Home Depot Says Breach Affected 56 Million Cards
wiredmikey writes: Home Depot said on Thursday that a data breach affecting its stores across the United States and Canada is estimated to have exposed 56 million customer payment cards between April and September 2014. While previous reports speculated that Home Depot had been hit by a variant of the BlackPOS malware that was used against Target Corp., the malware used in the attack against Home Depot had not been seen previously in other attacks. "Criminals used unique, custom-built malware to evade detection," the company said in a statement. The home improvement retail giant also that it has completed a "major payment security project" that provides enhanced encryption of payment card data at point of sale in its U.S. stores. According to a recent report from Trend Micro (PDF), six new pieces of point-of-sale malware have been identified so far in 2014.
So what would have happened to someone who didn't use their card, but an iPhone 6 with Apple Pay? I take it they would be completely unaffected?
I'm currently on the phone with my bank dealing with this.
Thanks Home Depot!
After you're done cleaning up this mess, could you clean up the bolt isle so I can actually find what I'm looking for should I ever decide to return to your store?
At this point, mag-stripe cards are almost as old-coot-technology as paper money. We can't have nice things (chip & pin) because American industry is too cheap to upgrade infrastructure.
Uh, we're getting chips over the next 12 months, next September is when the liability shifts to the merchant if you have a chip card and they accept it as a swipe so every issuer is going to be sure to have cards out there by then and every large merchant is going to have the ability to use them.

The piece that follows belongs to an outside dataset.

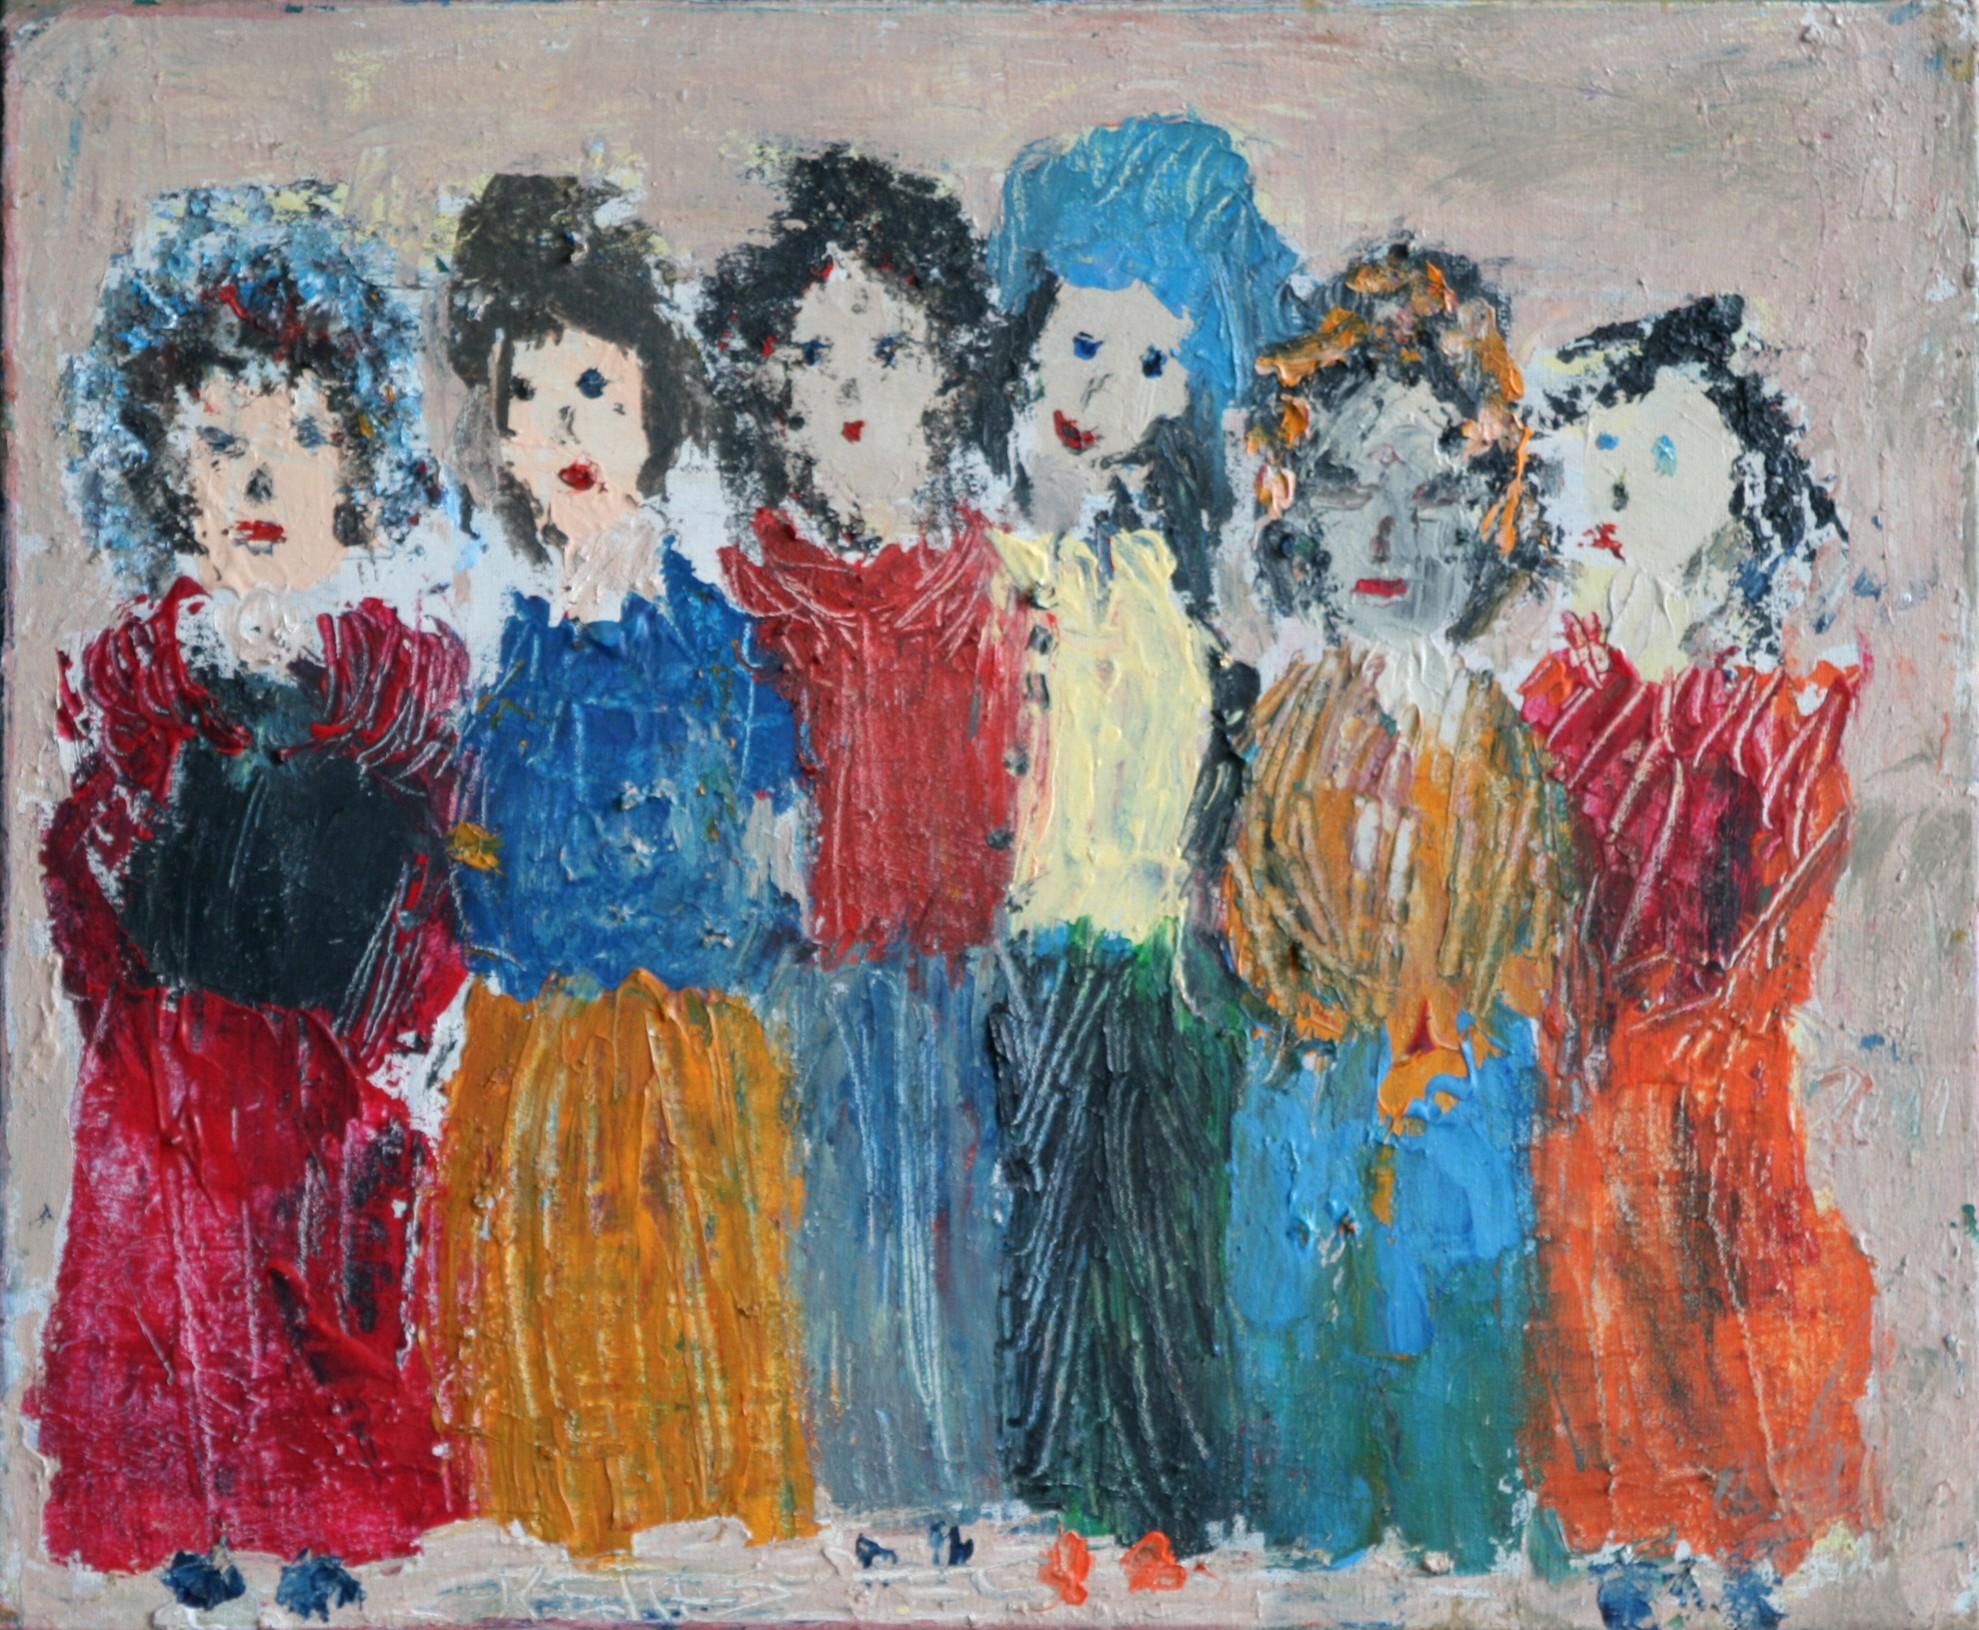 toile 3 - magdalena keresztes, artiste peintre à amiens
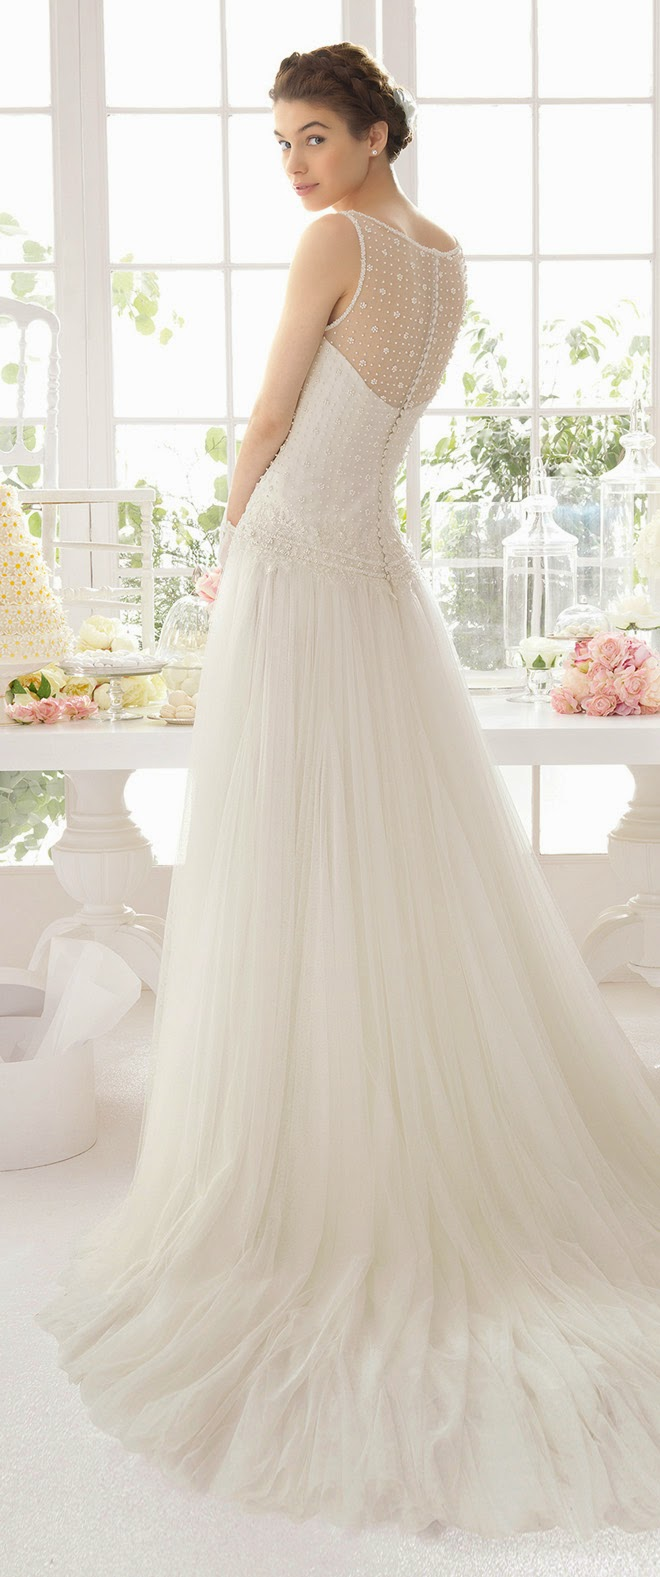 Fifties Wedding Dresses 69 Fancy Please contact Aire Barcelona

The one thing is in the US we're mostly going to be chip and signature, not chip and pin.
There are 4 boxes to use in the defense of liberty: soap, ballot, jury, ammo. Use in that order. Starting now.
From their website. This is the official Home Depot statement.
Really, this symbolizes the lackadaisical attitude people have when it comes to security - that a breach is not going to happen to them. You'd think after Target major companies like Home Depot would have audited their own security processes.
Take the cheese to sickbay, the doctor should see it as soon as possible - B'Elanna Torres, "Learning Curve"
I was just informed my DEBIT card is on the list, and it's going to cost me $25 to have it replaced.
The least those assholes at THD could do would be to pay for that.
All the old coots who are still using paper money are laughing at the cashless whipper snappers who shopped at the home depot. Until EMV is accepted everywhere, use cash if you can. Do not use a debit card! Credit card data breaches of major retailers are now widespread.
Whenever this story pops up, it's always "US and Canadian stores affected..." followed by a bunch of frustrated comments about how the US isn't using chip and pin yet. Well Canada *is* using chip and pin, and I can never find any details about weather or not Canadian customers should actually be worried (unless they had to fallback to the old magstripe stuff, of course), because if chip and pin was breached too then it's not going to do the US a lot of good to upgrade to it. Anyone know the details?
When I watched Justin Ross Harris' Preliminary Hearing, I was stunned by how little work Home Depot's developers seem to do.
Harris worked for Home Depot's ".com business" per a quote from the Home Depot Corporate Communications Manager in this CNN article. The Preliminary Hearing did an amazing job of describing his typical workday: After watching cartoons with his child, then taking him out for breakfast, Harris eventually arrived at his office at about 10 AM. About 90 minutes later, he went out for a long lunch, with a carload of coworkers. After eating, the group stopped at a store to puchase some items. After lunch, Harris is at his desk for a few hours, but then he was out the door at 4 PM, off to watch a movie with some of his coworkers.
The hearing documented that he put in, at most, about five hours of work. During those five hours, he was IMing women on dating sites and also IMing a couple coworkers about a small startup/consulting business they had.